It was a horrible joke, but Doc Daneeka didn’t laugh until Yossarian came to him one mission later and pleaded again, without any real expectation of success, to be grounded. Doc Daneeka snickered once and was soon immersed in problems of his own, which included Chief White Halfoat, who had been challenging him all that morning to Indian wrestle, and Yossarian, who decided right then and there to go crazy.

‘You’re wasting your time,’ Doc Daneeka was forced to tell him.

‘Can’t you ground someone who’s crazy?’

‘Oh, sure. I have to. There’s a rule saying I have to ground anyone who’s crazy.’

‘Then why don’t you ground me? I’m crazy. Ask Clevinger.’

‘Clevinger? Where is Clevinger? You find Clevinger and I’ll ask him.’

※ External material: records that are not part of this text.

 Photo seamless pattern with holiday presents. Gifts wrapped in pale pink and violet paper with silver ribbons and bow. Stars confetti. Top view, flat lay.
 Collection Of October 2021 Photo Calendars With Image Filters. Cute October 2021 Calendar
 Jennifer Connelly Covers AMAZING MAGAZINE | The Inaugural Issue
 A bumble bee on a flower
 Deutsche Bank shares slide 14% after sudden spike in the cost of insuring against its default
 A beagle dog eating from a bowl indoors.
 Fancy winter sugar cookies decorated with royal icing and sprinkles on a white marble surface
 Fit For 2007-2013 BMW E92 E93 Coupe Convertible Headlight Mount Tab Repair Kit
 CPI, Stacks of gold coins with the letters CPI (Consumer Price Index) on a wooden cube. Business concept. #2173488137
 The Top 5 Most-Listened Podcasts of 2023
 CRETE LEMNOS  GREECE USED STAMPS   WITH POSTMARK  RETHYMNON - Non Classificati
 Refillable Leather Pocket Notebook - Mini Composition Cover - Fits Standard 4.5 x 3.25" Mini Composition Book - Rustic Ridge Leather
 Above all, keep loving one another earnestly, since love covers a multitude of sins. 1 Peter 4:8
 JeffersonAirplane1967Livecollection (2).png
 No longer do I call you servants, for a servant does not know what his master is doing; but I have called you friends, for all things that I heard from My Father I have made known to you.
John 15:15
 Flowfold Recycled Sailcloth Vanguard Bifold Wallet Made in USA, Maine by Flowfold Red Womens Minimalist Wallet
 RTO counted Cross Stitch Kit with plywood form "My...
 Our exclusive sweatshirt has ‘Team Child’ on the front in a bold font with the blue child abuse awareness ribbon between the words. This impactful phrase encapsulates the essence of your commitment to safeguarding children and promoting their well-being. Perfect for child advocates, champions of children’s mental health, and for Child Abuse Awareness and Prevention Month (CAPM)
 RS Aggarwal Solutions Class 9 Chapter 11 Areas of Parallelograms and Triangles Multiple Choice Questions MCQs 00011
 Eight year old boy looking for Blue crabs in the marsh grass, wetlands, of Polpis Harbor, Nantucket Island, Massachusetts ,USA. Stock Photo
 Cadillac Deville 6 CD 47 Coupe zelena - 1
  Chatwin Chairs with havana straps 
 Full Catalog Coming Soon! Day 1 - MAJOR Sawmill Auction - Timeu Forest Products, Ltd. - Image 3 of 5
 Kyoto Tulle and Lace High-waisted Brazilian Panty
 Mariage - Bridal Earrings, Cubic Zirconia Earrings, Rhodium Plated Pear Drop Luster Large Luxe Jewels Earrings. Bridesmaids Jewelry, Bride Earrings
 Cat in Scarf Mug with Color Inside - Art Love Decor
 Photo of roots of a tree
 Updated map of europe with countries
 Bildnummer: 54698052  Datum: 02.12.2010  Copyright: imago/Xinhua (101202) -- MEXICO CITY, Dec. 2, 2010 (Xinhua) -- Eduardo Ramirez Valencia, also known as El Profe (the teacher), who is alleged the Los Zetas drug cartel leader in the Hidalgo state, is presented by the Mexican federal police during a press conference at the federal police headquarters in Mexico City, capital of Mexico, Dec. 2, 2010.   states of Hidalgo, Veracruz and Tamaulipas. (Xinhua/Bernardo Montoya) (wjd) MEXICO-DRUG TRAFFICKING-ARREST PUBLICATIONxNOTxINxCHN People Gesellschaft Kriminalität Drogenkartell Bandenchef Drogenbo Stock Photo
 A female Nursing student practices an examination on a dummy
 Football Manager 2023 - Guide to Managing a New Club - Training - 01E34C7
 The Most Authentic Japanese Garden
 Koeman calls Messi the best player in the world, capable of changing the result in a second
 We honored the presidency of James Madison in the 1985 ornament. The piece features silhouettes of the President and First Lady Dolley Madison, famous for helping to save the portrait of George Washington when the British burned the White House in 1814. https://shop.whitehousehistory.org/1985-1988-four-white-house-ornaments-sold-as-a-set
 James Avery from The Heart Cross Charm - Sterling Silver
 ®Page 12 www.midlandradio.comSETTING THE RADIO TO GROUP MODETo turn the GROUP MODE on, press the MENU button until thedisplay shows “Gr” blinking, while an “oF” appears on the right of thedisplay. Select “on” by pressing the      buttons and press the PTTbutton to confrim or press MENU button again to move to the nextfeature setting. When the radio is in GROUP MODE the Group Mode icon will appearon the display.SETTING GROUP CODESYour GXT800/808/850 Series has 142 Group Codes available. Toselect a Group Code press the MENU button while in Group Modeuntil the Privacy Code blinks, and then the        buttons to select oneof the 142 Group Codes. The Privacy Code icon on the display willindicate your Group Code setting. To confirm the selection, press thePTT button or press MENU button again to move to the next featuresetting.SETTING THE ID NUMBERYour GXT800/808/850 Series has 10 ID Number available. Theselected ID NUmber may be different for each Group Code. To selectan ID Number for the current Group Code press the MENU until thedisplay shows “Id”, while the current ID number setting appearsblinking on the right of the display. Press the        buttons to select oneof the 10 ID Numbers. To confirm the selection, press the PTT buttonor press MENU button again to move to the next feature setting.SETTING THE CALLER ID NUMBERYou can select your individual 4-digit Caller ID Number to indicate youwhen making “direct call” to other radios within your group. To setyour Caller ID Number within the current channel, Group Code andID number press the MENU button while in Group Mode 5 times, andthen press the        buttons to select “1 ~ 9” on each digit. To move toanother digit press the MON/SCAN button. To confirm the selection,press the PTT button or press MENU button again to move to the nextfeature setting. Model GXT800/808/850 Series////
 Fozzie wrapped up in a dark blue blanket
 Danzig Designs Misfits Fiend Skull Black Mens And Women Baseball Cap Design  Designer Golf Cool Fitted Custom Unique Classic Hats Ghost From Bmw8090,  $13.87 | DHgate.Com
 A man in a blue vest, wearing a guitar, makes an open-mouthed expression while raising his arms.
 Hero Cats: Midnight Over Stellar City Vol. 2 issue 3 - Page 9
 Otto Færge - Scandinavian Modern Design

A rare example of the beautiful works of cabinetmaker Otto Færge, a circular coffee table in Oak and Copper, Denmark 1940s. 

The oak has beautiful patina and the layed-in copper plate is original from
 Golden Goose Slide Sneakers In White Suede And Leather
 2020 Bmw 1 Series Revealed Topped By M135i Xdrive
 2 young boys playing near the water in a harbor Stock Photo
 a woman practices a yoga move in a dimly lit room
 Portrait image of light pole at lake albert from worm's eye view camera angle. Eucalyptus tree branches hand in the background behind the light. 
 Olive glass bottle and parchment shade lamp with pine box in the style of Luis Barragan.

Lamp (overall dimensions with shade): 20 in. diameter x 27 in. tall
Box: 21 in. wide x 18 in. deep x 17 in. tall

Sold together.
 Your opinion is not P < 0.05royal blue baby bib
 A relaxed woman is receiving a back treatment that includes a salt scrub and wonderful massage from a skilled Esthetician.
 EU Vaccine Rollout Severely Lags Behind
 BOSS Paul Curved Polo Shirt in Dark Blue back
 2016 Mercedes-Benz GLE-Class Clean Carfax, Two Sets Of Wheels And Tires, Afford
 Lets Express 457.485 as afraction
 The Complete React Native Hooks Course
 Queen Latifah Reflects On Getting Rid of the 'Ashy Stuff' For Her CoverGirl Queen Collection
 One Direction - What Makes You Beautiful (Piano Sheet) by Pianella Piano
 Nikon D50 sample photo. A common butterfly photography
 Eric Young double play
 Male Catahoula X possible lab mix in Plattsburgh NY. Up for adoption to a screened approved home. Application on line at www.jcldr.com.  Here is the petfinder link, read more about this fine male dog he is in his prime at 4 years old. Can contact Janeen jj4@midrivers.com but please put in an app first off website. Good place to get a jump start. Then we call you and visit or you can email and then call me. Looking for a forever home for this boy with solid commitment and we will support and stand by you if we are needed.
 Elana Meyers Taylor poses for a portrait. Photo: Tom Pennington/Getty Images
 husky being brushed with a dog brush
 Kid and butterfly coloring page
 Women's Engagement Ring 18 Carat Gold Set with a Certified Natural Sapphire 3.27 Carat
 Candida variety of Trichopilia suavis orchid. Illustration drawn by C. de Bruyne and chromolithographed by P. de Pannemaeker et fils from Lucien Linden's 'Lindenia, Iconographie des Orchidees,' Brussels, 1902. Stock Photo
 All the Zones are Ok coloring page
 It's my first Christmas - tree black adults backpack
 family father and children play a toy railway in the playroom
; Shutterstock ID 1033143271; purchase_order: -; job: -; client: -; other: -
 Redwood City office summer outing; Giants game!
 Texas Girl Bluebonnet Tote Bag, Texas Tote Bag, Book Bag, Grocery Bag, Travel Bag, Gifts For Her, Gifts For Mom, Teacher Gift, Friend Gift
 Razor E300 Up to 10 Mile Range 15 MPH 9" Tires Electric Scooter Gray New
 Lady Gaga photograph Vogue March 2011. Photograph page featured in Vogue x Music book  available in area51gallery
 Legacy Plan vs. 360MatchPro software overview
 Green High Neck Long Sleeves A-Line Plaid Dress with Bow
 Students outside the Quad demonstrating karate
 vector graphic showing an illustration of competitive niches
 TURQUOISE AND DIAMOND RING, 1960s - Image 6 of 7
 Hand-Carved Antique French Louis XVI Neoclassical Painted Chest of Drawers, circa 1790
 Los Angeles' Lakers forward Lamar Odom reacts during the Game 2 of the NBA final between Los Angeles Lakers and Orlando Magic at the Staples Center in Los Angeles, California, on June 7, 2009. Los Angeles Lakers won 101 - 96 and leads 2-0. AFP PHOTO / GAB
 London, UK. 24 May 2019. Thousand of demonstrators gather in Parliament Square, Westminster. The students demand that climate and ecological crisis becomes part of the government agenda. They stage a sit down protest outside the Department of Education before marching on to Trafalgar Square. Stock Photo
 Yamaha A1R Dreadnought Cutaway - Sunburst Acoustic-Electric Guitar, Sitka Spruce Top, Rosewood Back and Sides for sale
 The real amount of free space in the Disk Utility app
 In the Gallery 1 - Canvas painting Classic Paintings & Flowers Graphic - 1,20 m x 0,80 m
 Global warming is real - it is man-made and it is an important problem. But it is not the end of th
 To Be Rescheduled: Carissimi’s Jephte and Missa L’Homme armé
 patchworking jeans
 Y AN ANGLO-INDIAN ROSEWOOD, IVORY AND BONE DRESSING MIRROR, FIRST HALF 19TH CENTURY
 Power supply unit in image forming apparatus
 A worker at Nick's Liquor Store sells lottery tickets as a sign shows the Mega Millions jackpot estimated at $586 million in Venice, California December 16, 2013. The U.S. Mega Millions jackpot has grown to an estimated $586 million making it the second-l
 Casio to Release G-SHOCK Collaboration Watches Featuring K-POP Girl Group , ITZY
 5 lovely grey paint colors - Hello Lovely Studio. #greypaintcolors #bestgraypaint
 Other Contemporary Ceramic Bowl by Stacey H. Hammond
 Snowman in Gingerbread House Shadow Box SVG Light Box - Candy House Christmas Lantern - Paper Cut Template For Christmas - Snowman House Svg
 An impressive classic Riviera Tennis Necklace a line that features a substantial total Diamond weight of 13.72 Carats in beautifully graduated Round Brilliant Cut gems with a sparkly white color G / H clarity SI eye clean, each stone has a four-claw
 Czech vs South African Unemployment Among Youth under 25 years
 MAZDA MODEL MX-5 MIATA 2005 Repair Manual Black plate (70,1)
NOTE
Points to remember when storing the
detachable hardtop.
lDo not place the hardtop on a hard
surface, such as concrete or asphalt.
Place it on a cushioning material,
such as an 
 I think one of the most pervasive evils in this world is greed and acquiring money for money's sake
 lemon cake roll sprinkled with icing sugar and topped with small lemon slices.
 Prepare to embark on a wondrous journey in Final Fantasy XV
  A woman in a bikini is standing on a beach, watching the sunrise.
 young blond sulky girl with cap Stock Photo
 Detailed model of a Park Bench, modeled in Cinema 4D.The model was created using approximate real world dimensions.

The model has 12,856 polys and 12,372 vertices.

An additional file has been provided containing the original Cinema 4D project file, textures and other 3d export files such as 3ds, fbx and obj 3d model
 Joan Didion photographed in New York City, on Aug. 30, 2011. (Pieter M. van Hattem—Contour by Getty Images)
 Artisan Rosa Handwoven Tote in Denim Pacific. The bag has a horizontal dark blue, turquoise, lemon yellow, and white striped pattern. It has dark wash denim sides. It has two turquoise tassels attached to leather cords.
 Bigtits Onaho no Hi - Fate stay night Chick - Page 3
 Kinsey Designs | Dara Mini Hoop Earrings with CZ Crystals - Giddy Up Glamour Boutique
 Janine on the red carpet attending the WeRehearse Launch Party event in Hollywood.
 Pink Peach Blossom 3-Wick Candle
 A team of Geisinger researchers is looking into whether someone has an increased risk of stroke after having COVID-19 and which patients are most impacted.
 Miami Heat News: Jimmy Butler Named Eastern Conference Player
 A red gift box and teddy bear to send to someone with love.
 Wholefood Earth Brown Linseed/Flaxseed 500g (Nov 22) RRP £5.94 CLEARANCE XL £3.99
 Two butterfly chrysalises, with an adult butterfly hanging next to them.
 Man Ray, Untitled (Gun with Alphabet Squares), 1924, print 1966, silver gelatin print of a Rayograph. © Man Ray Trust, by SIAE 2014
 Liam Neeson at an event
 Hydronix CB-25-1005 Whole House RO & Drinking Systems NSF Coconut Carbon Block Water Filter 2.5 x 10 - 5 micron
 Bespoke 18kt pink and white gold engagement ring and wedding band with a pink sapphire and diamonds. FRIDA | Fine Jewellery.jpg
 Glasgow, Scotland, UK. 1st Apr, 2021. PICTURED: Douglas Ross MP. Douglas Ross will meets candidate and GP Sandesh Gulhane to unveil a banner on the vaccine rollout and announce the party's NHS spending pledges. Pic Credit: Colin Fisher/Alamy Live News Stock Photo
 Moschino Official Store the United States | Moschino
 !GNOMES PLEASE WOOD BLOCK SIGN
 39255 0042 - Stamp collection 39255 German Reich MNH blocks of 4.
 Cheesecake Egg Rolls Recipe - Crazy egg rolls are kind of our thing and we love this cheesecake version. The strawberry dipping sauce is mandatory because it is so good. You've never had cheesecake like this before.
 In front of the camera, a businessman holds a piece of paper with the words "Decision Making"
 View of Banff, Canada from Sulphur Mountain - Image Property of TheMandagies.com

‘Then ask any of the others. They’ll tell you how crazy I am.’

‘They’re crazy.’

‘Then why don’t you ground them?’

‘Why don’t they ask me to ground them?’

‘Because they’re crazy, that’s why.’

‘Of course they’re crazy,’ Doc Daneeka replied. ‘I just told you they’re crazy, didn’t I? And you can’t let crazy people decide whether you’re crazy or not, can you?’ Yossarian looked at him soberly and tried another approach. ‘Is Orr crazy?’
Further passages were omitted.